Undergraduate → Probability and Statistics → Statistics ↓
Descriptive Statistics
Descriptive statistics is a branch of statistics that aims to summarize a set of data. It provides simple summaries about samples and measures. Such summaries can be either quantitative, using numerical calculations, or visual, through various charts and graphs. Descriptive statistics help simplify large amounts of data in an understandable way. Each descriptive statistic reduces a lot of data to a simple summary.
Types of descriptive statistics
Descriptive statistics are divided into measures of central tendency and measures of variability or dispersion.
Measures of central tendency
Measures of central tendency describe the center point of a data set. There are three main measurements:
- Meaning
- Median
- Method
Meaning
The mean is the average of the data set. It is calculated by adding up all the numbers and dividing by the count of the numbers.
Mean = (Sum of all data points) / (Number of data points)
Example:
Data: 2, 3, 5, 7, 11
Mean = (2 + 3 + 5 + 7 + 11) / 5 = 5.6
Median
The median is the middle value of an ordered data set. If the number of data points is odd, the median is the middle number. If even, it is the average of the two middle numbers.
Example of odd number of data points:
Data: 3, 5, 7, 9, 11
Median = 7
Example of even number of data points:
Data: 3, 5, 7, 9
Median = (5 + 7)/2 = 6
Method
The mode is the number that appears most often in a data set. A set of data may have one mode, more than one mode, or no mode.
Example:
Data: 4, 4, 6, 8, 2, 4, 10
Mode = 4
Measures of variability
Measures of variability describe the spread of data within a data set. Key measurements include:
- Category
- Quarrel
- Standard Deviation
Category
The range is the difference between the highest and lowest values in a data set.
Range = (Maximum value) - (Minimum value)
Example:
Data: 3, 7, 8, 15, 20
Range = 20 – 3 = 17
Quarrel
Variance measures how far each number in the set is from the mean and thus how far it is from every other number in the set. It is calculated by taking the average of the squared deviations from the mean.
Variance = (Σ (xi - Mean)^2) / N
Example:
Data: 3, 7, 7, 19
Mean = (3 + 7 + 7 + 19) / 4 = 9
Variance = [(3-9)^2 + (7-9)^2 + (7-9)^2 + (19-9)^2] / 4 = 30
Standard deviation
The standard deviation is the square root of the variance and provides a measure of the average distance from the mean.

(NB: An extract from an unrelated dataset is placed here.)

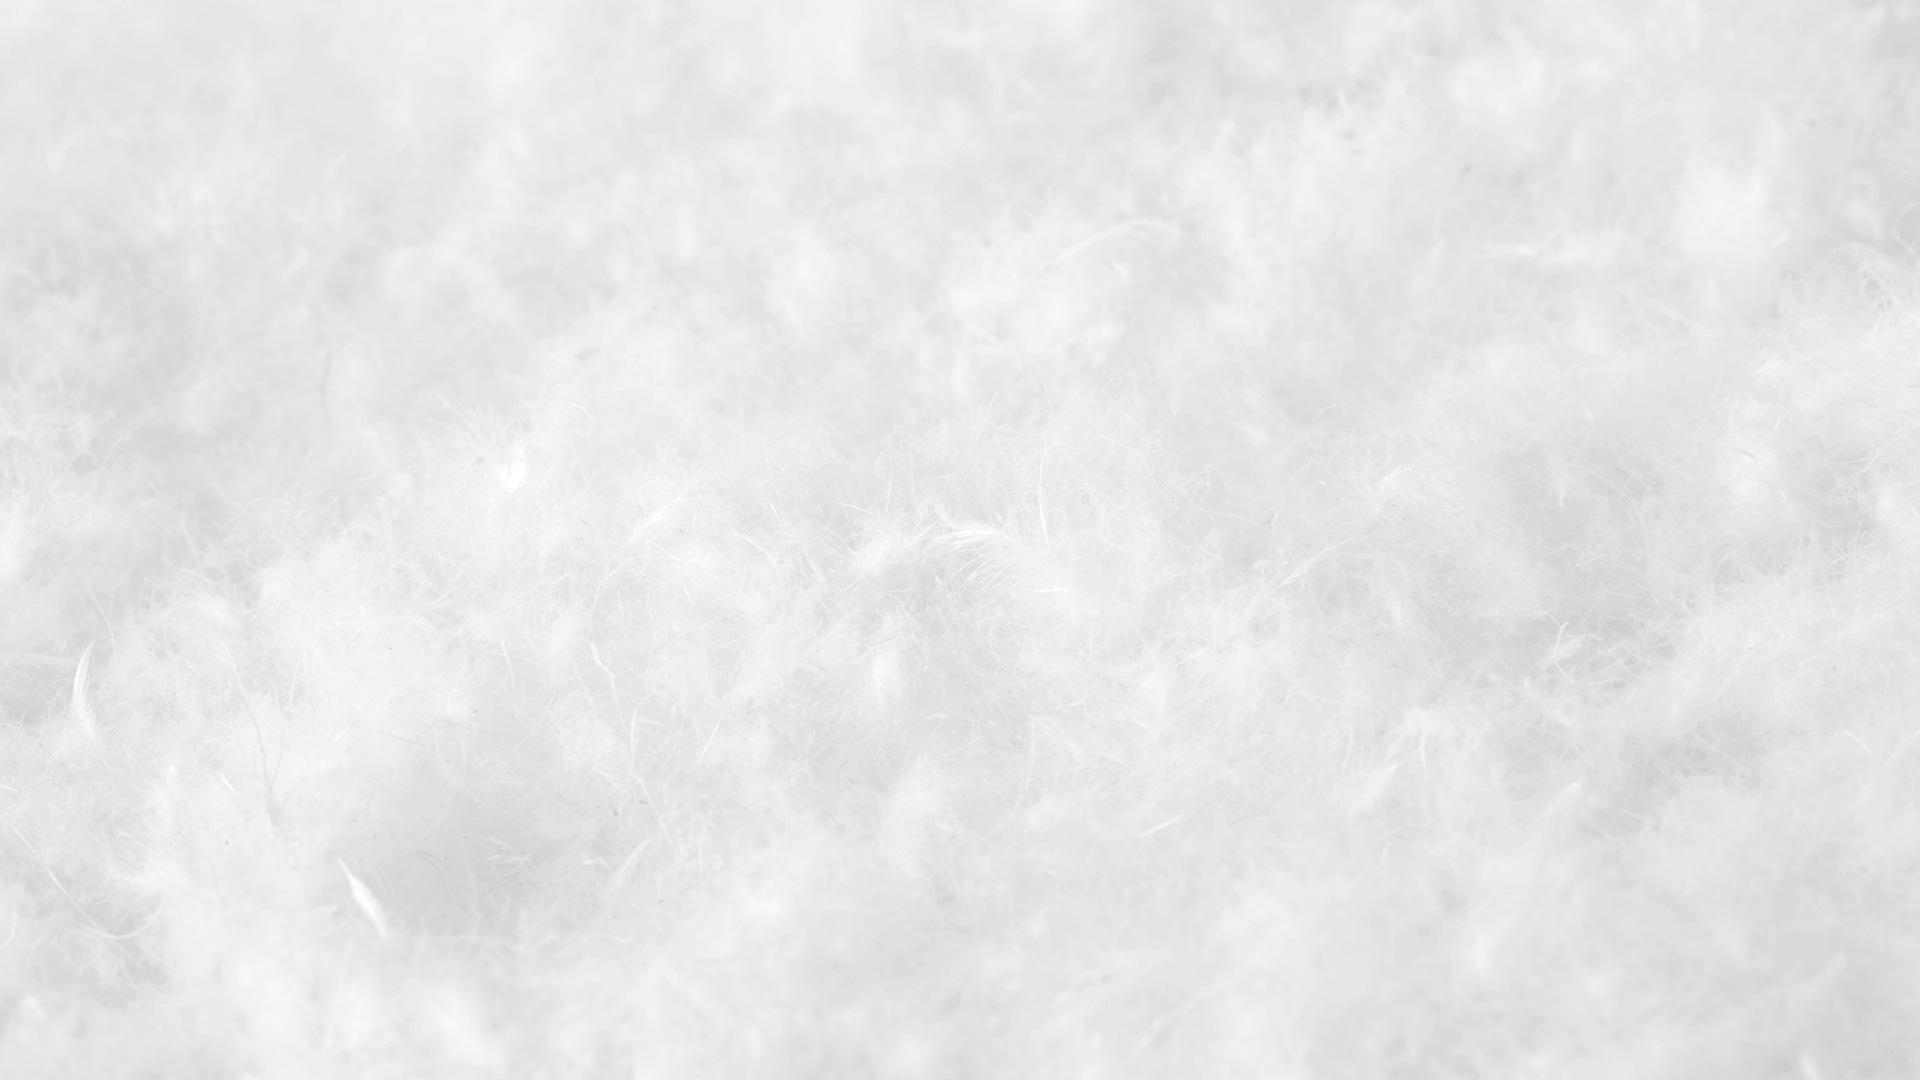 填充净重、含绒量以及蓬松度三个因素决定了鸭绒性能的好坏。我们取白鸭翅下、腹下的朵状初生绒毛,经过8个流程精细加工而成,所得填充鸭绒绒朵大绒梗小,含绒量高达80%。其自身的高透气性更减少螨虫等细菌滋生。?x-oss-process=image/format,jpg/interlace,1

Standard Deviation = √Variance
Example:
Data: 3, 7, 7, 19
Variance = 30
Standard deviation = √30 ≈ 5.48
Visualization of descriptive statistics
Descriptive statistics can be represented using a variety of graphical techniques. These include histograms, bar charts, pie charts, box plots, and scatter plots.
Bar chart
Bar charts are used to display categorical data, with rectangular bars indicating the frequency of each category. The length of the bars is proportional to the number of cases in each category.
Histogram
Histograms are used to display continuous data and it shows the frequency distribution of a set of continuous data points.
Sketch
Box plots are used to display the distribution of data based on a five-point summary: minimum, first quartile, median, third quartile, and maximum.
Pie chart
Pie charts display proportional data and each slice represents a part of the whole. It is particularly effective for showing part-to-whole relationships.
Scatter plot
Scatter plots are used to determine the relationship between two variables. Data are plotted as a collection of points, each of which has the value of one variable determining the position on the horizontal axis and the value of the other variable determining the position on the vertical axis.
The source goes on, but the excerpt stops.